# WORK TASK
When you transcribe the listing that follows, keep every line exact and omit the pictures.

***** SUPPLIED INFORMATION *****

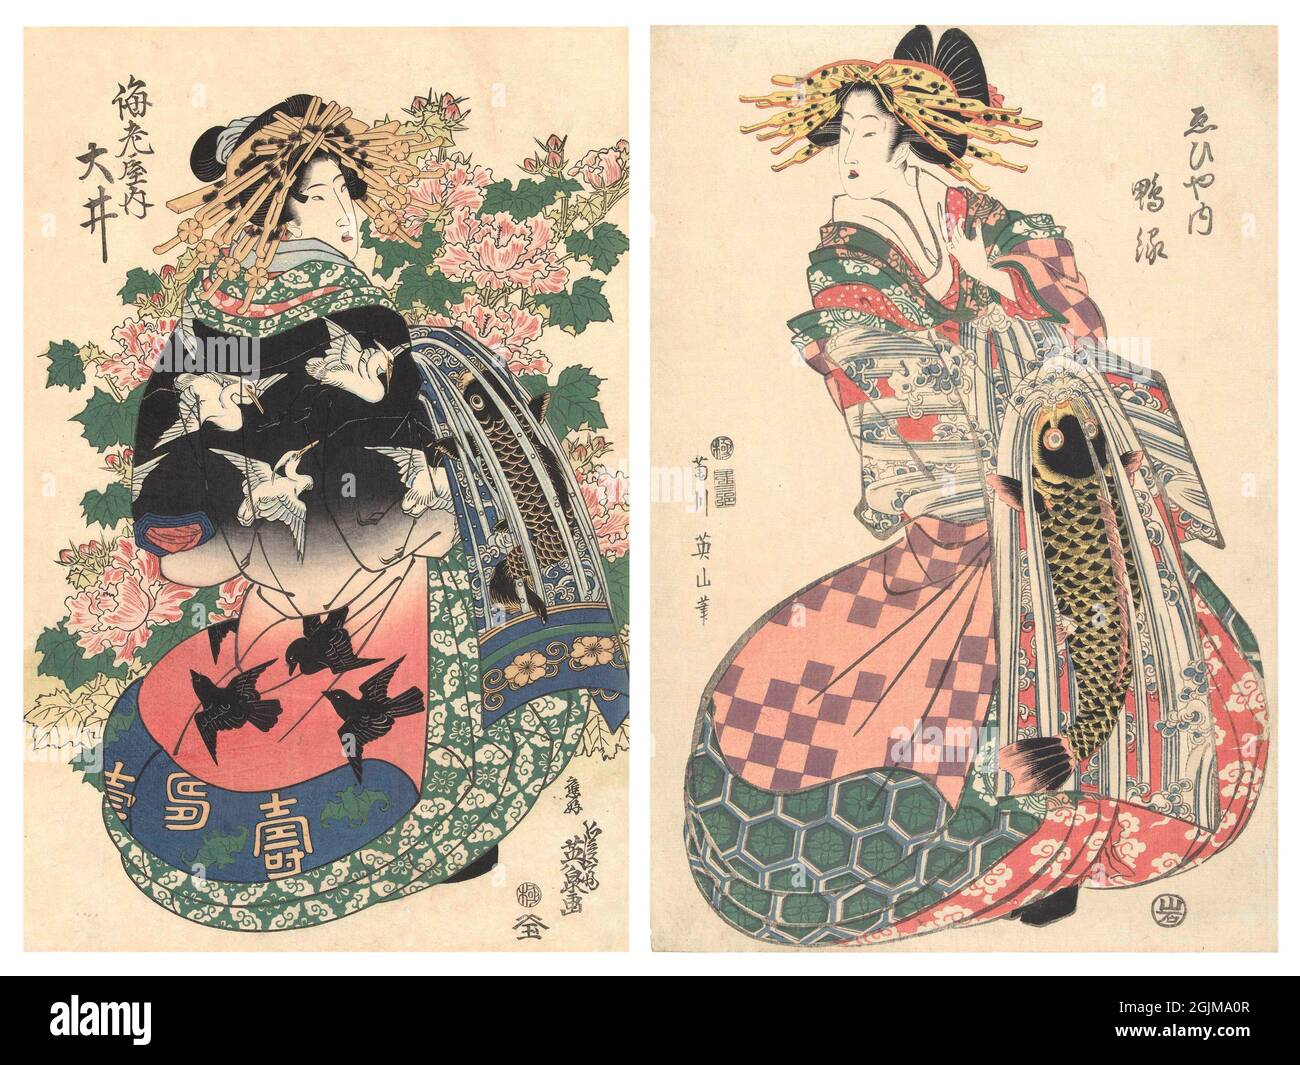 Conception optimisée et améliorée unique de deux illustrations japonais de coupe de bois du XIXe siècle. À gauche : courtesan dans un kimono avec des motifs de grue et de corbeau, et un motif de carpe sur obi, debout avec des pivoines exubérant. A droite : courtesan de la maison d'Ebiya courtesan vêtu de kimono rose et vert, motif d'eau obi et grande carpe devant. Banque D'Images
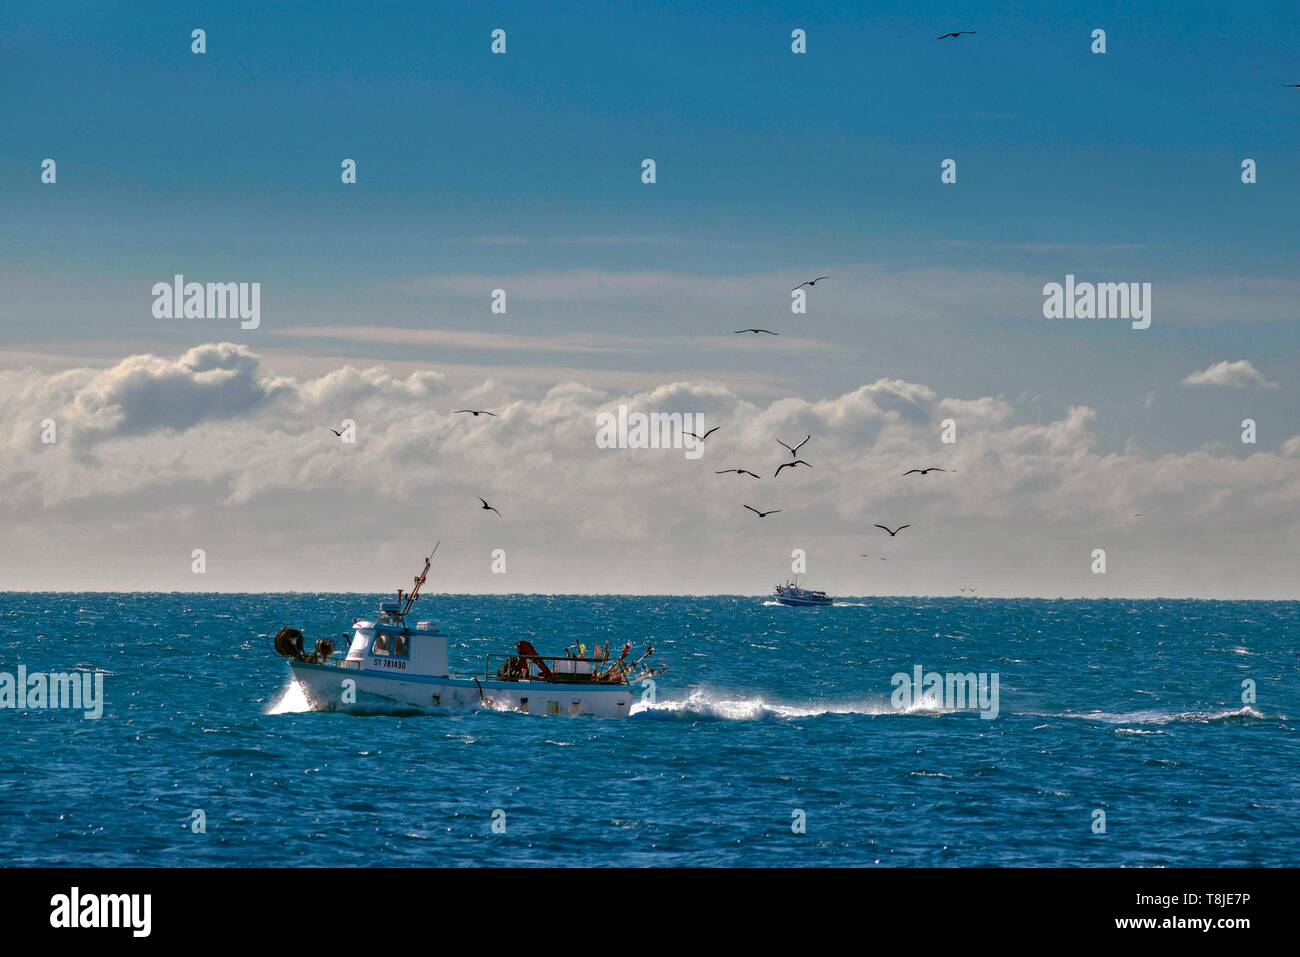 Francia, Herault, Agde, capo di Agde, la pesca in barca seguita da uccelli Foto Stock
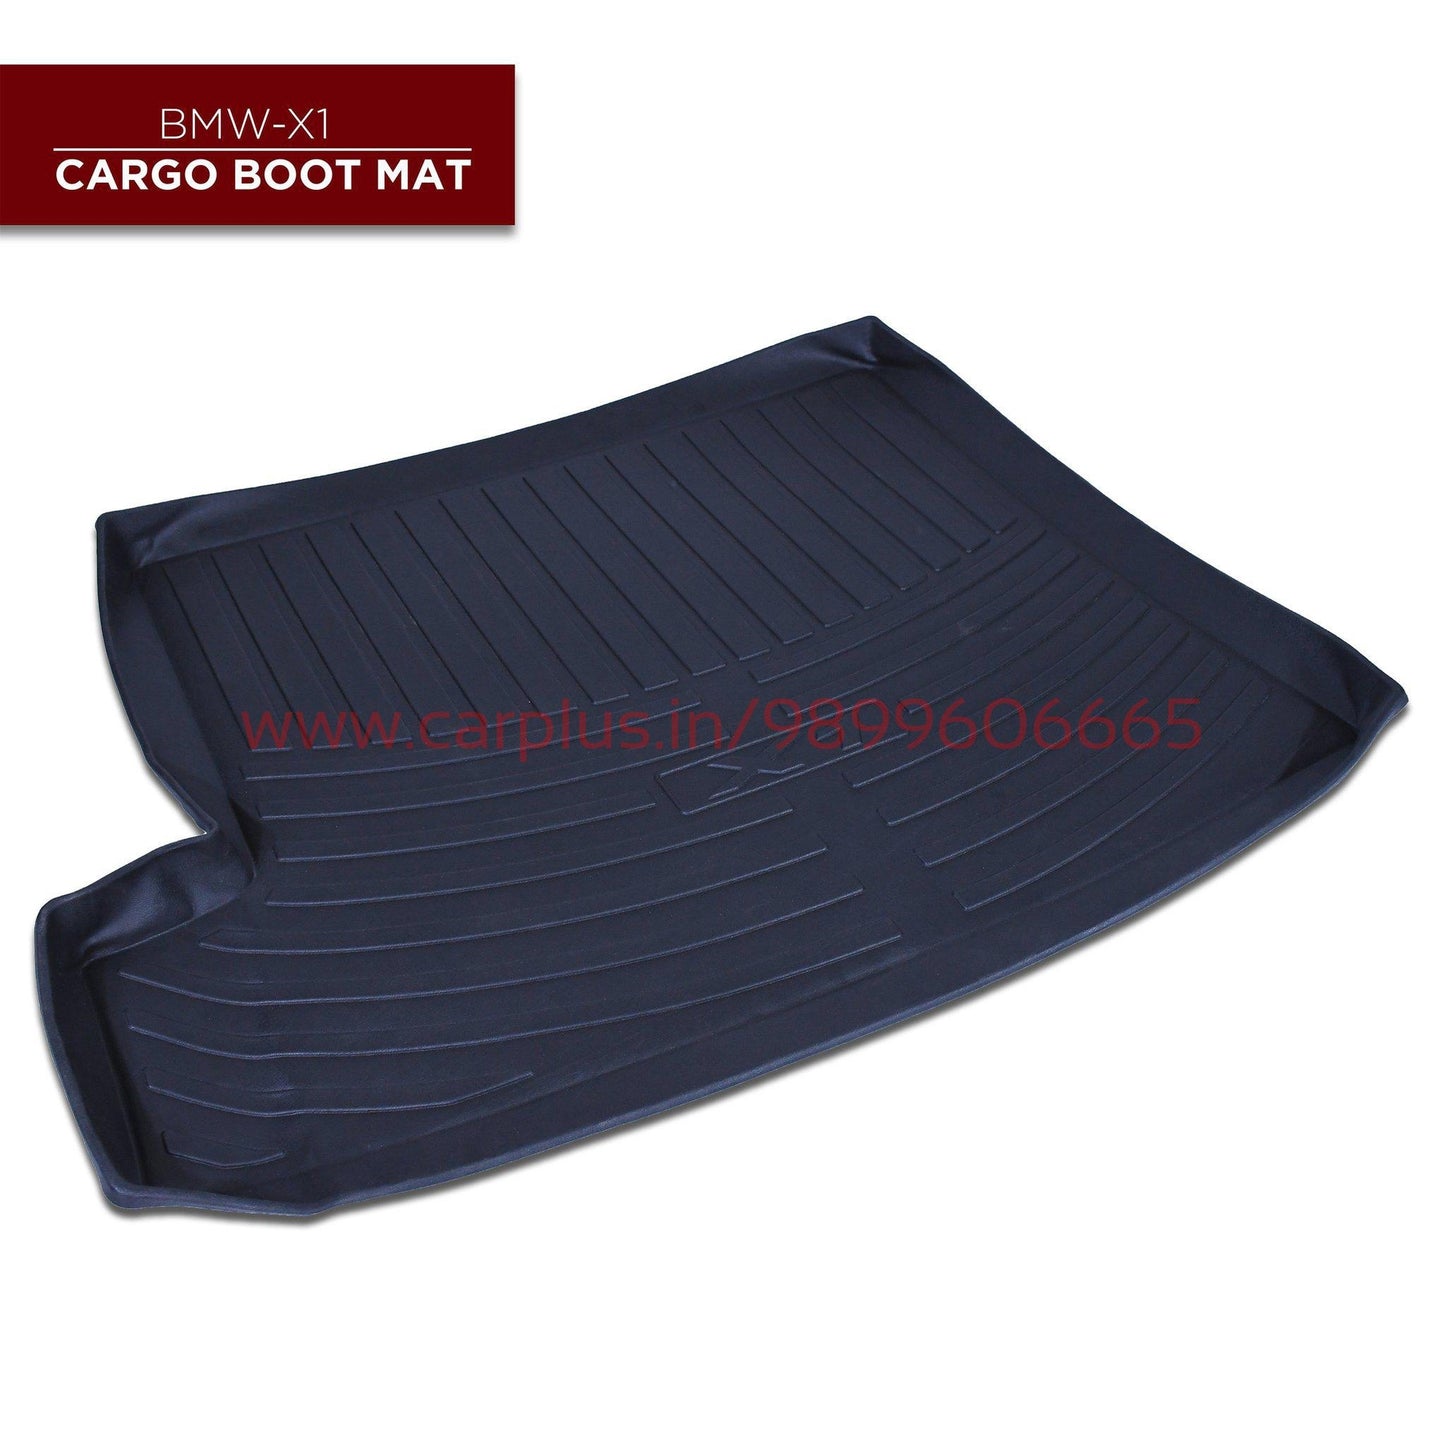 
                  
                    KMH Cargo Boot Mat For BMW X1 (2013) KMH-CARGO BOOT MATS CARGO BOOT MATS.

*****

# RESULT OF THE TASK
 Conception optimisée et améliorée unique de deux illustrations japonais de coupe de bois du XIXe siècle. À gauche : courtesan dans un kimono avec des motifs de grue et de corbeau, et un motif de carpe sur obi, debout avec des pivoines exubérant. A droite : courtesan de la maison d'Ebiya courtesan vêtu de kimono rose et vert, motif d'eau obi et grande carpe devant. Banque D'Images
 Francia, Herault, Agde, capo di Agde, la pesca in barca seguita da uccelli Foto Stock
                  
                    KMH Cargo Boot Mat For BMW X1 (2013) KMH-CARGO BOOT MATS CARGO BOOT MATS.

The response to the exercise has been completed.